However, as we discussed, the Journal story about rogue mortgage brokers made it sound as if their employers were completely at their mercy, when there is already ample evidence of institutionalized fraud and predatory lending in the subprime end of the market. That doesn’t mean that there aren’t some crooks out there that have pulled the wool over their bosses’ eyes, but to make all organizations out to be hapless bystanders is naive at best.

The Times, by contrast, in a story by Charles Duhigg on independent insurance agents taking advantage of the elderly with unsuitable and high-fee annuity products, It reports that several large insurance companies have failed to rein in brokers in their networks, despite complaints and evidence in broad daylight that the sales are inappropriate (age of the buyer versus payout structure). And they don’t prey solely on the elderly. Annuity peddlers swarmed like hornets at former Mead-WestVaco paper mills being sold to NewPage Corporation (a Cerberus entity). Why? Employee 401 (k)s were eligible to be rolled over into other retirement accounts, and blue collar workers are easy marks.

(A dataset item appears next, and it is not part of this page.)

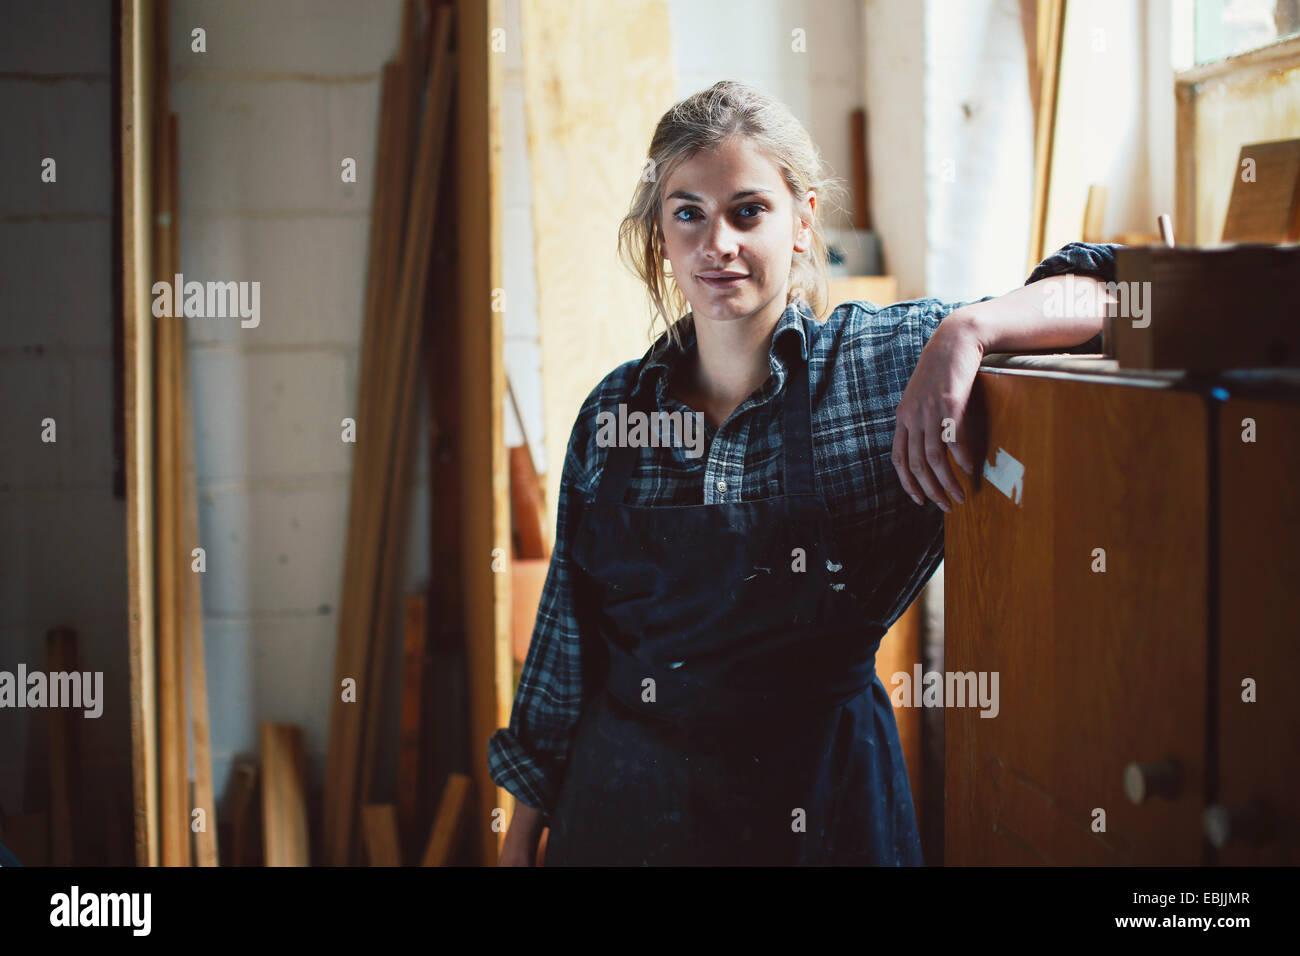 Porträt des jungen Handwerkerin stützte sich auf Schrank in Orgelwerkstatt Stockbild

And frankly, I don’t see how anyone can call annuities or any financial product with a 9% upfront fee an investment. The term of art is “ripoff.” These vehicles are inherently predatory. So buyers will almost without saying have to be ones unsophisticated enough so as to be unable ask basic questions or compare it to alternatives.

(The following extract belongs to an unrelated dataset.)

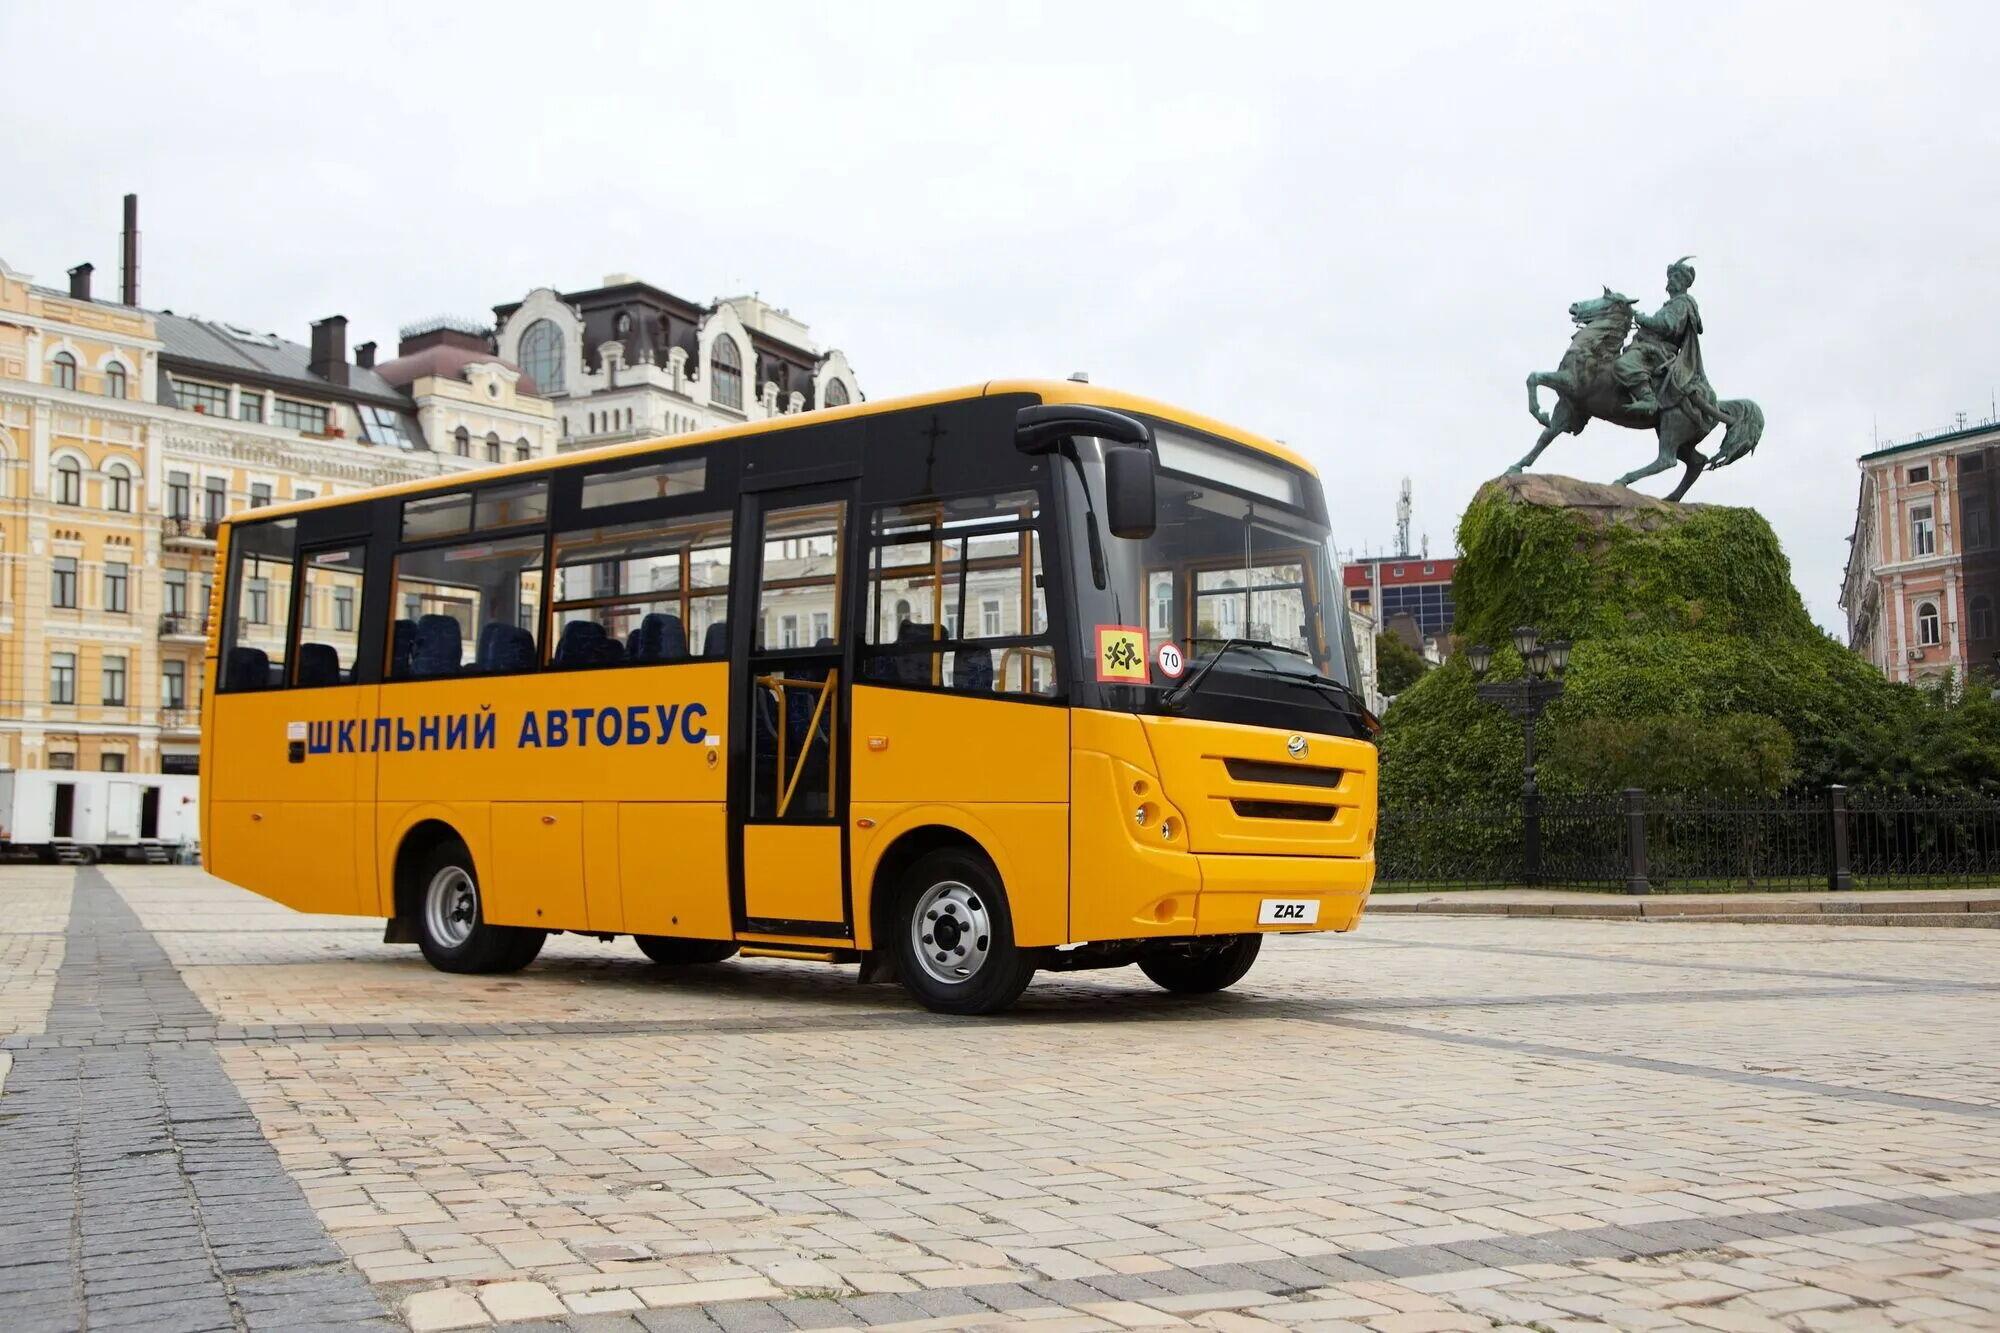 Цього року ЗАЗ планує виготовити 160 автобусів, зокрема і 75 екземплярів моделі А08 для перевезення школярів

And the article demonstrates how several major companies, like Allianz, Old Mutual Financial Network and American Equity Investment Life Insurance are paying entities one, or sometimes two steps removed from brokers to provide training for impressive sounding and substantively worthless credentials like “certified senior adviser” that reassure unsuspecting retirees.

From “For Elderly Investors, Instant Experts Abound,” in the New York Times:

Elderly clients thought they had every reason to trust Michael DelMonico as a financial counselor. After all, the Massachusetts insurance agent had become a certified senior adviser in 2002, a credential he made sure to advertise on fliers sent to retirees.

He did not mention how easy it had been to get that title.

He had paid $1,095 for a correspondence course, then took a multiple-choice exam with questions like, “Marketing can best be described as:” (The answer: “The process or technique of promoting the sale or distribution of a product or service.”) Like more than 18,700 other applicants since 1997, he passed.

Insurance companies, eager for sales representatives, embraced Mr. DelMonico, as they have thousands of other newly credentialed advisers.

The following year, insurers paid him commissions worth $720,000 as his business with retirees soared.

But many of those sales came from steering older Americans into unwise investments, Massachusetts regulators contend in a lawsuit.

Mr. DelMonico denies all wrongdoing, but one of his clients — a 73-year-old widow caring for a son with Down syndrome — said he tricked her into buying complicated insurance contracts that left her unable to pay dental and home-repair bills.

“His office was filled with things saying he was certified to help seniors,” said that client, Mary Ann St. Clair. “The only one he really helped was himself.”

Mr. DelMonico is one of tens of thousands of financial advisers working hand-in-hand with insurance companies to market themselves to older Americans using impressive-sounding credentials like “certified elder planning specialist,” “registered financial gerontologist,” “certified retirement financial adviser” and “certified senior adviser.”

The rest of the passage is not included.